Have a good weekend bro.


----------



## hilly

trained back/biceps and calfs today. strength is more or less stagnent hard to tell with me trying different things with my training so much. I have to say tho i have really enjoyed training this week im feeling everything were i should be feeling it etc and im looking better in the mirror at gym in a t ****. i wont be wearing a vest until end of feb.

back

wide pull ups - bw x 12/10/8/5

preacher bar rows - 70kg x 10/10, 80 x 10

Deadlifts - 100kg x 8/8, 120 x 6 over the moon hardly any pain were my bad back was.

seated wide grip rows upper back - 3blocks x 15/4b x 12, 5b x 10

biceps

1 arm preacher machine - 1b x 10,10+5 very slow negatives

stand alt db curl - 12.5kg x 20/24

rope curls hammer style - 25kg x 15, 35 x 15

cals

donkey - 2plates x 20/20/15

leg press - 3pps x 15, 4pps x 15, 5pps x 12

very happy at being able to do deadlifts with hardly any pain. i didnt go heavy just worked on the movement etc. i will do them again like this in 2 weeks.


----------



## LittleChris

Good to hear about the deadlifts.

Nice session :thumb:


----------



## joeyh1485

Awesome workout an great news on the deads your back is finaly on the mend

There is a post in dmcc's journal about doms that may explain why your feeling everything were your meant to be feeling it more on a keto diet defo worth a read, I can't even remember who the original poster was now:rolleyes:


----------



## hilly

ill have a search about thnks mate


----------



## hilly

trained chest and triceps today.

bad news is i pulled my left pec doing bench and its killing me im gutted. i decided to train today as i have lots of college work. this was my 4th day training in a row which must have been to much whilst dieting. anyway it went like this.

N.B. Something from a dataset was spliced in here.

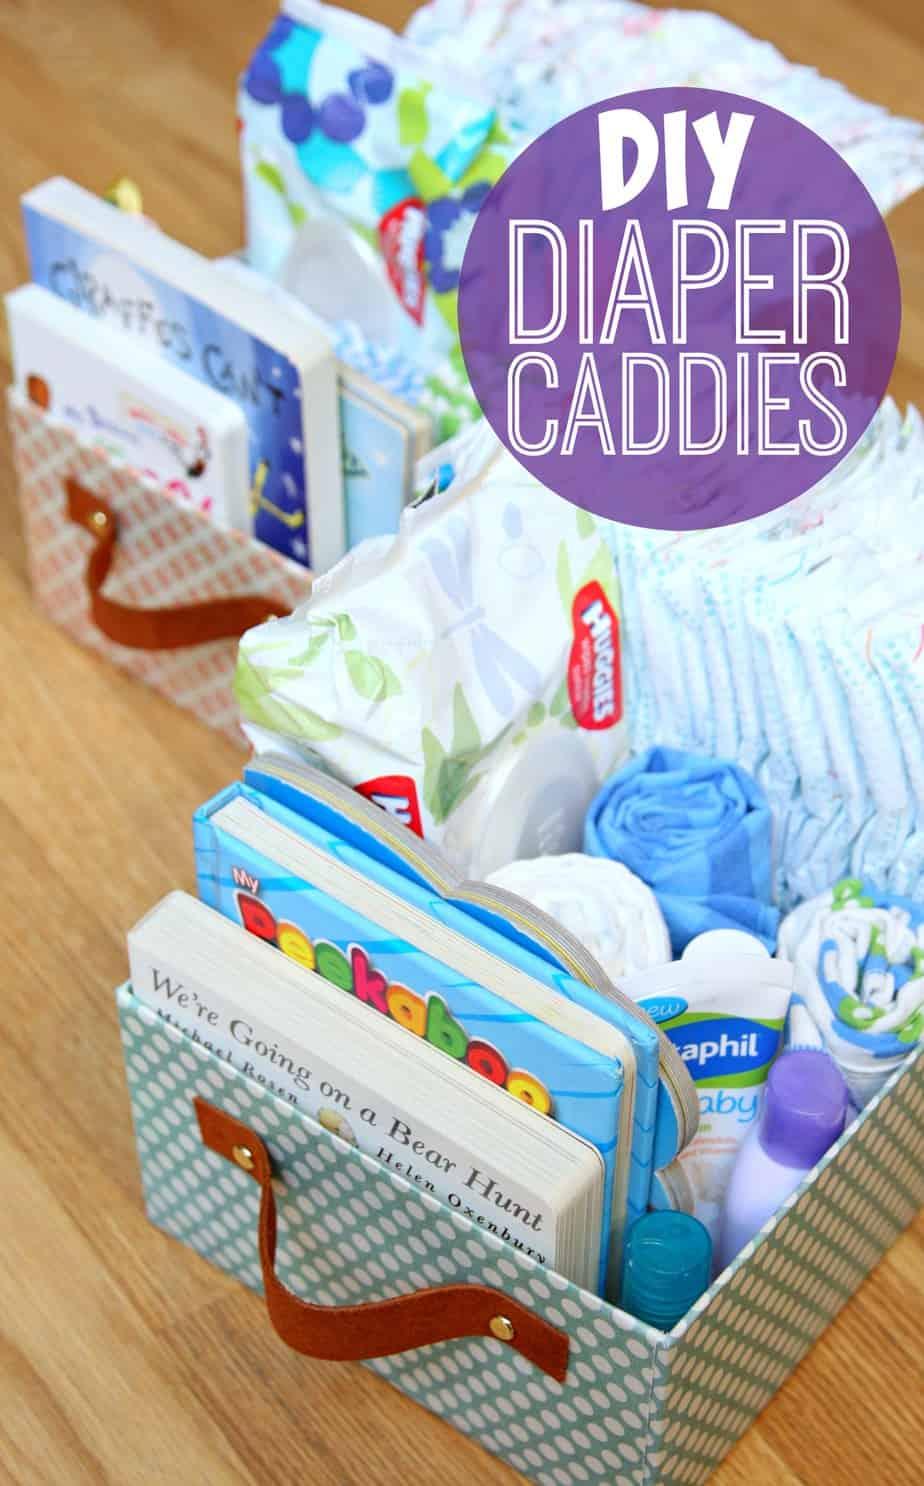 DIY Diaper Caddies

decided to do sets of 3 for bench.

flat bench - 2 warm ups - 80 x 3, 100 x 3x 110 x 3, 120 x 2+1 chest hurt.

Inc db - 30kg x 12, 40 x 10 chest really hurt droped to 30 for a set of 17

flies - couldnt do any

triceps

hammer curl bar crushes - 30kg x 12, 40x 10, 45 x 10

v grip push down - 30 x 15, 40 x 10. 45 x 9

rope - 15 x 20

chest is killing me now. quads 2moro then will have 2/3 days off gym and see how it is wed/thurs.

on a postive note went out with the lads last night and didnt touch a drop again which im happy about.


----------



## joeyh1485

now that is real dedication mate :thumbup1: your a better man than me I'd of bin hammerd :whistling: wich is why I hardly go out anymore

Sorry to hear about the chest mate

Any feedback on how the clen eod is going? I'm going to add some in next week but I think am going to go for the standard 2 on 2 off


----------



## winger

Hilly, can you visibly see any damage to the muscle in your chest?

Have you been hanging around JW007...lol


----------



## hilly

no cant see any damage mate think ive just pulled it to be honest. its my own bloody fault which is annoying.

joey its good well. its hard to tell i always think when dieting whats doing what but im definatly leaning out people are commenting in the gym and i havnt worn a vest yet thats just in t shirt.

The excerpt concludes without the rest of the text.